Your task is to transcribe exactly, and only, the lines running from the one with "Paddle hairbrush" to the end of the listing below, inclusive, with every picture left out.

- **SOURCE DATA**
※ ※ ※

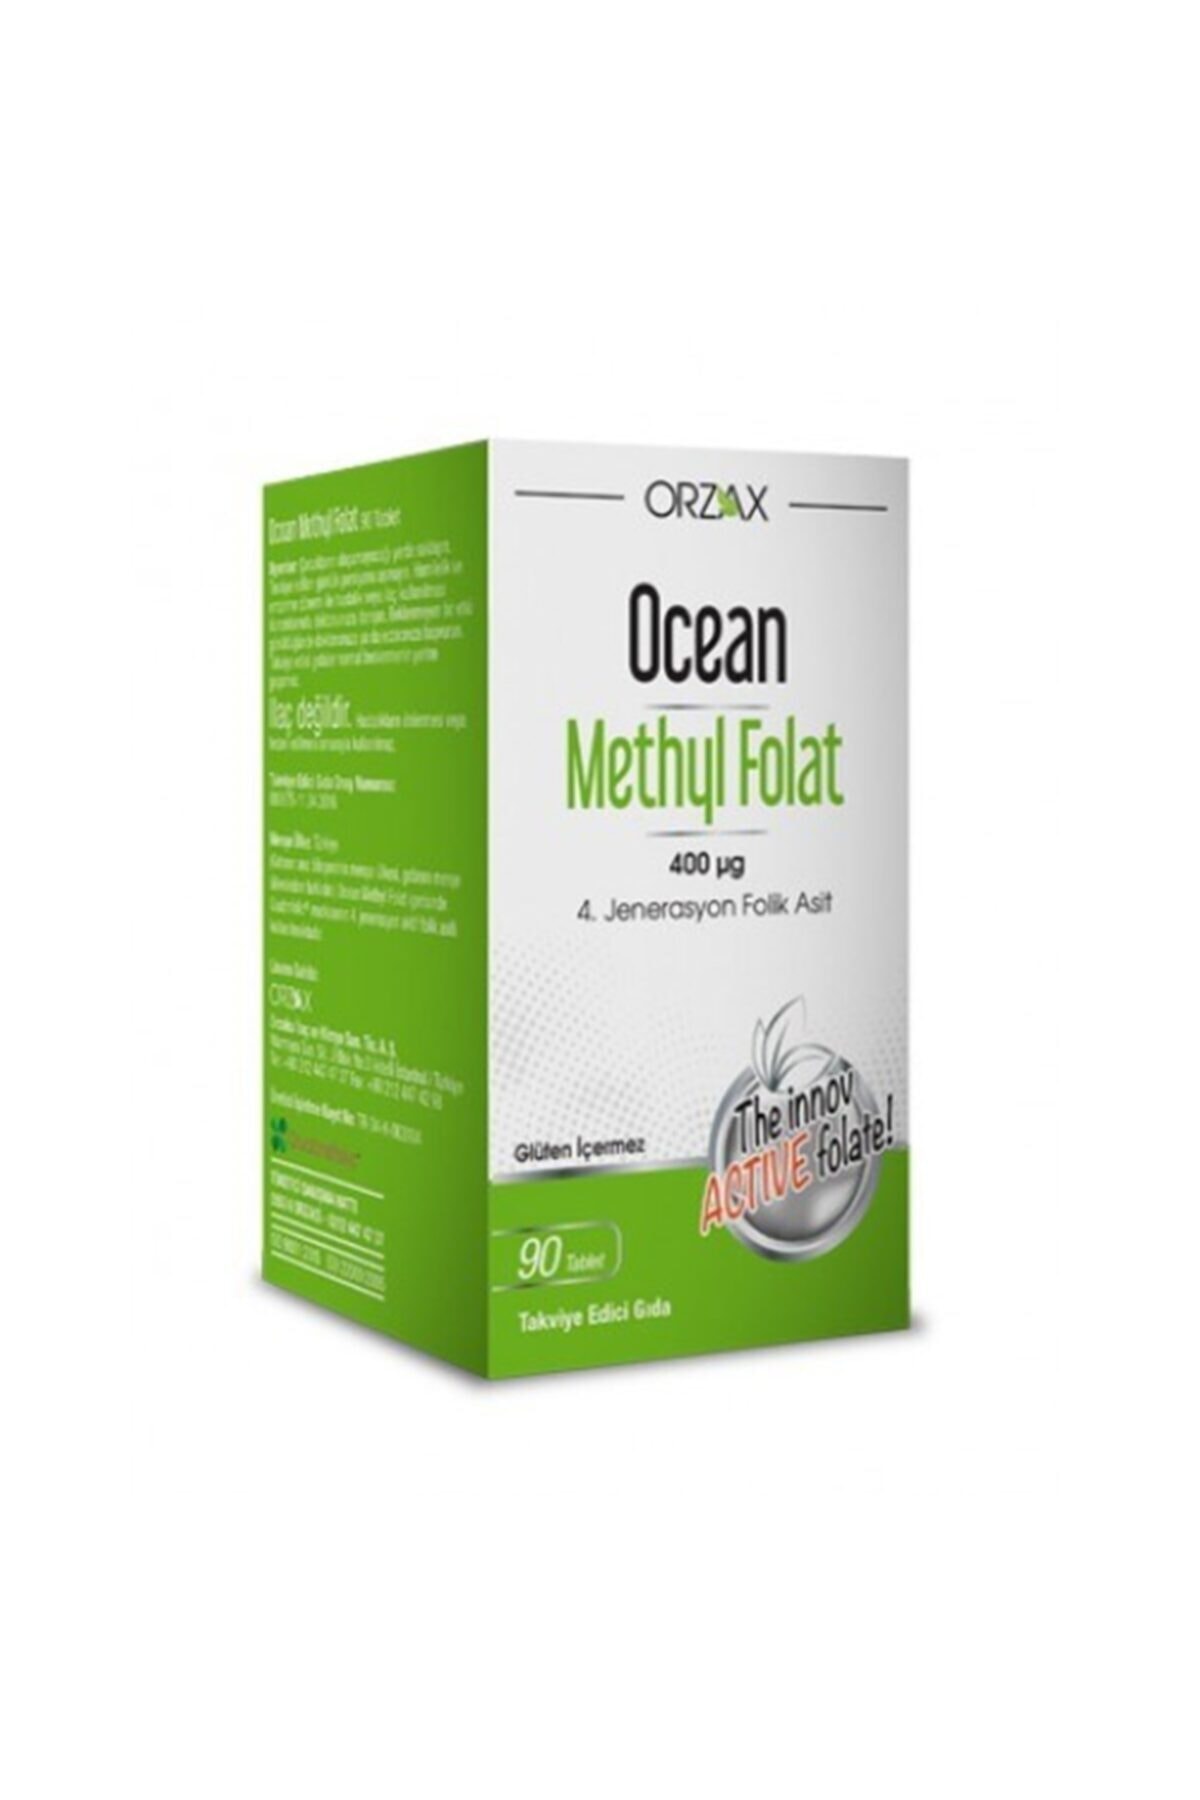 Ocean Ocean Methyl Folat Folik Asit 30 Tablet
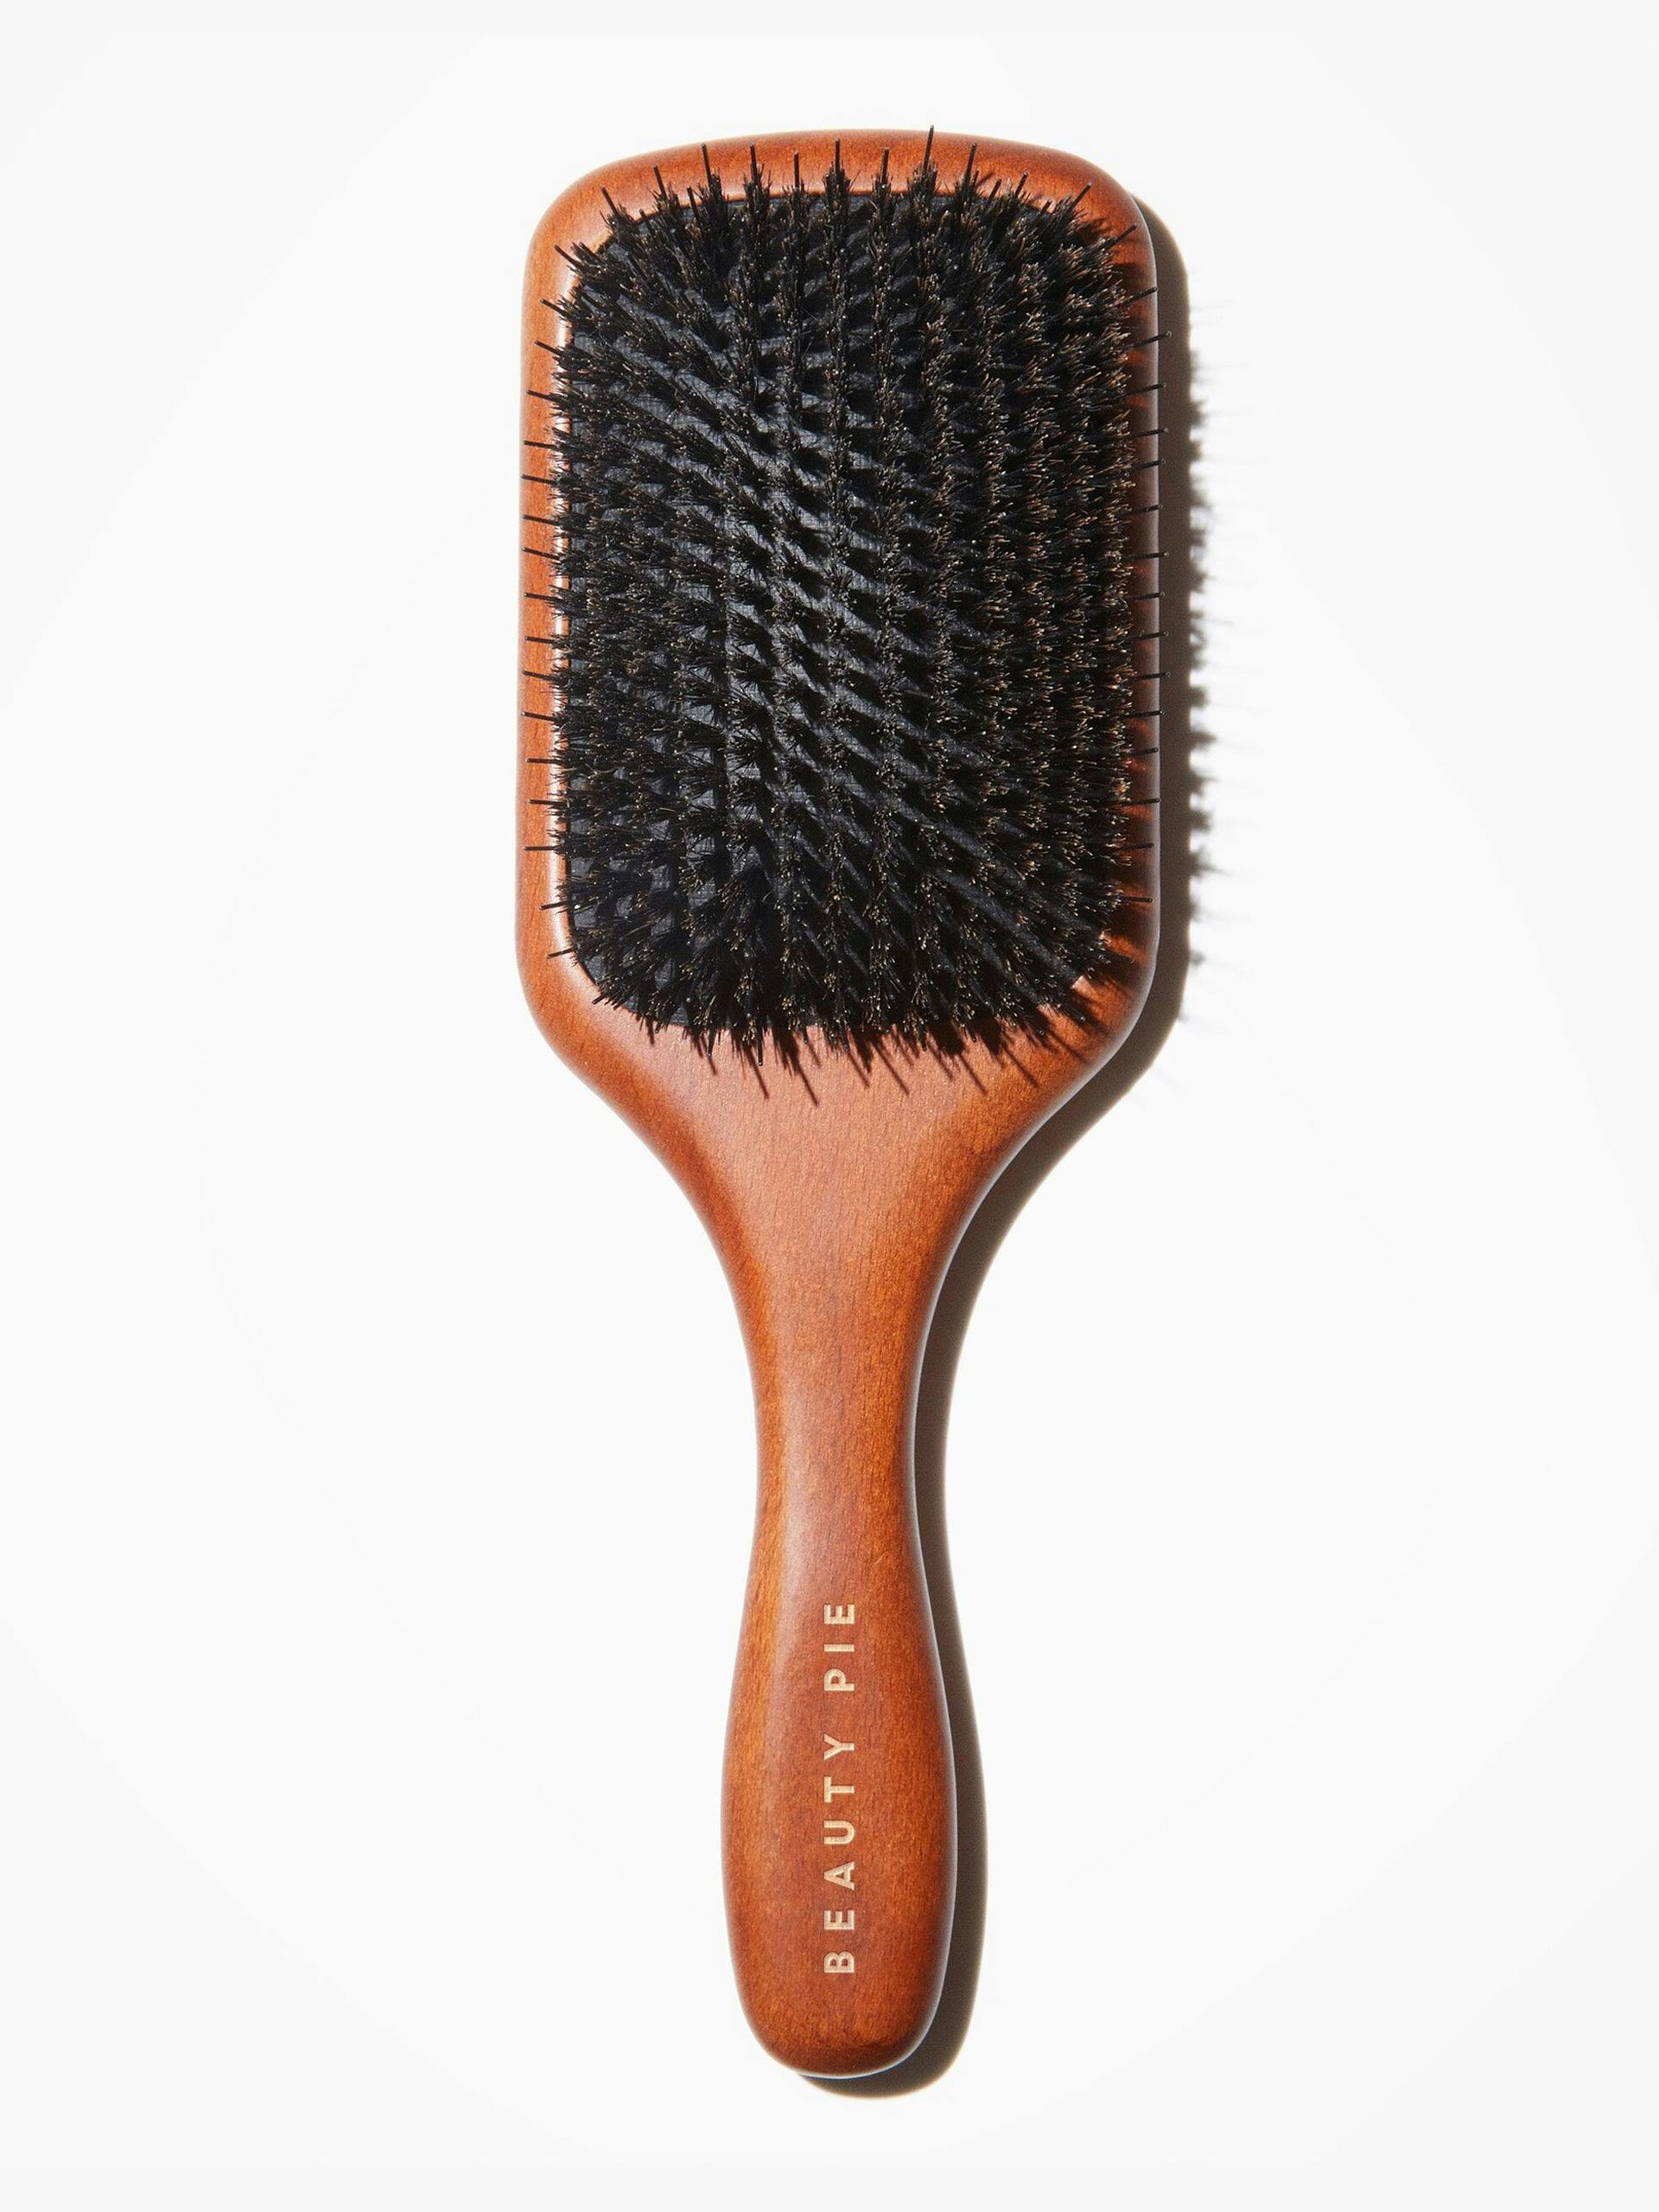 Paddle hairbrush
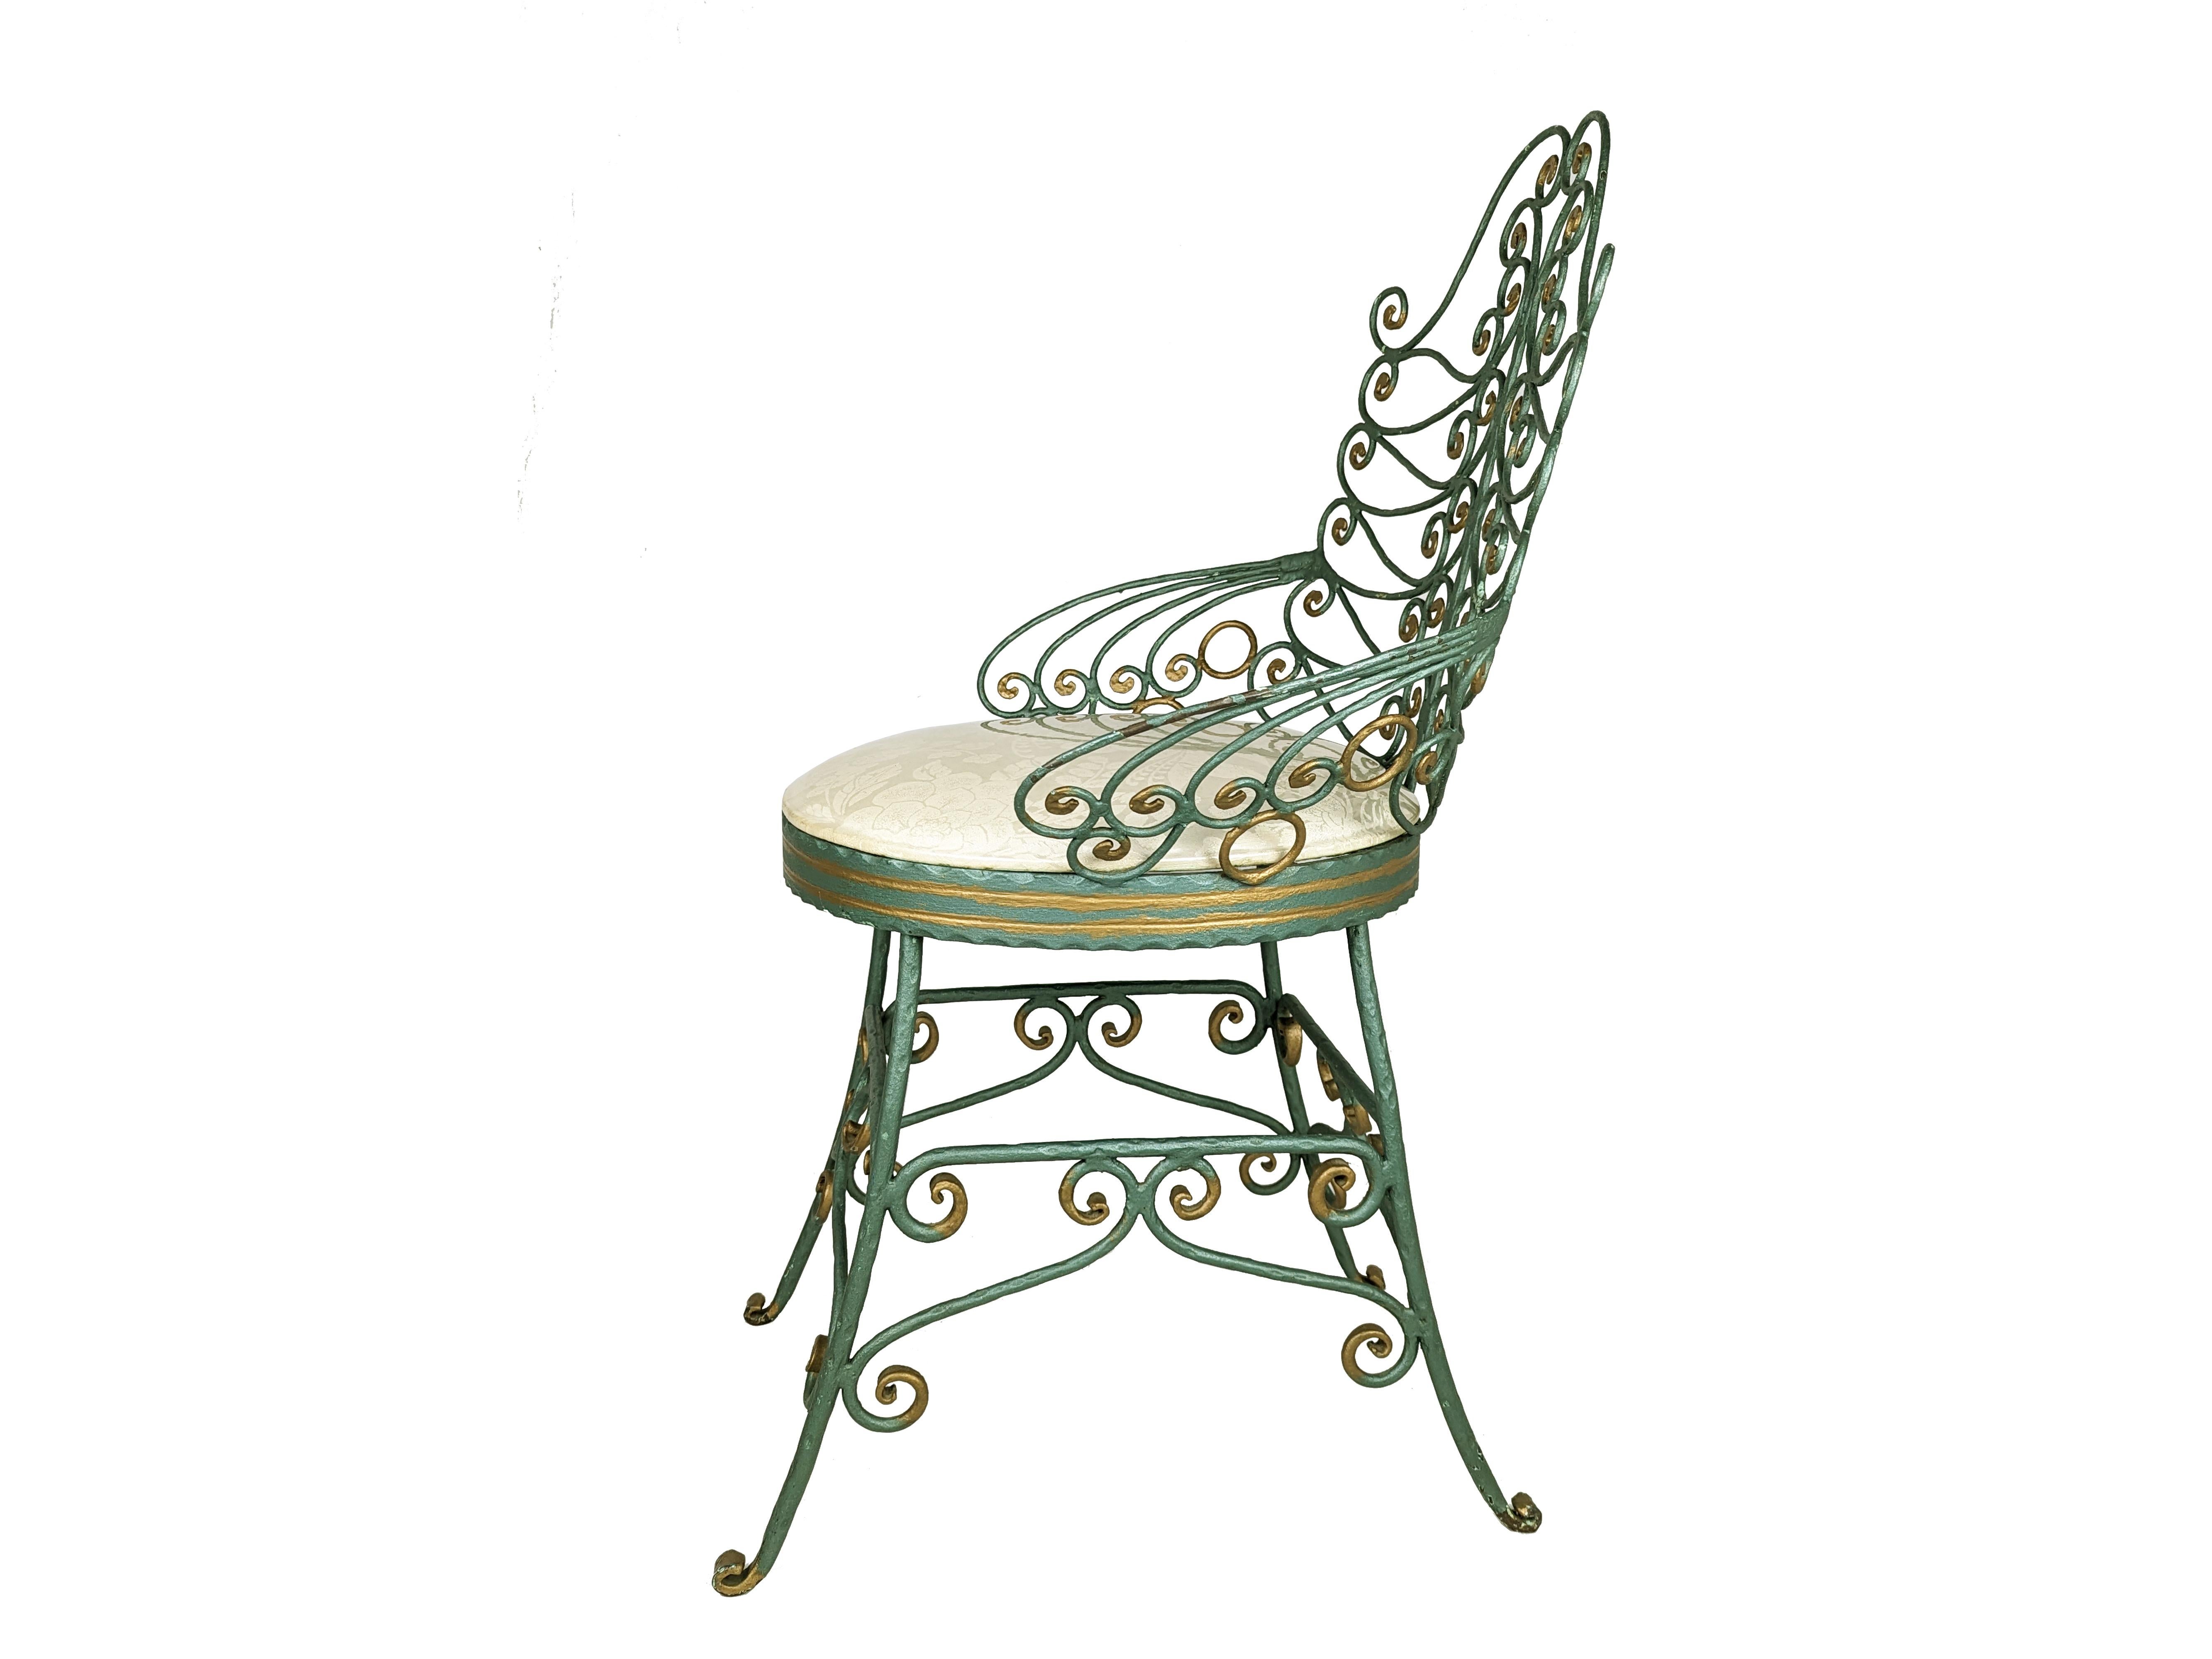 Rare et agréable chaise en fer forgé vraisemblablement du milieu du 20ème siècle. Réalisée dans le style des chaises paon avec un dessin complexe de volutes denses. La chaise est de couleur verte avec des détails décoratifs dorés. L'assise,

※ ※ ※

- **EXERCISE SOLUTION**
 Paddle hairbrush
 Rare et agréable chaise en fer forgé vraisemblablement du milieu du 20ème siècle. Réalisée dans le style des chaises paon avec un dessin complexe de volutes denses. La chaise est de couleur verte avec des détails décoratifs dorés. L'assise,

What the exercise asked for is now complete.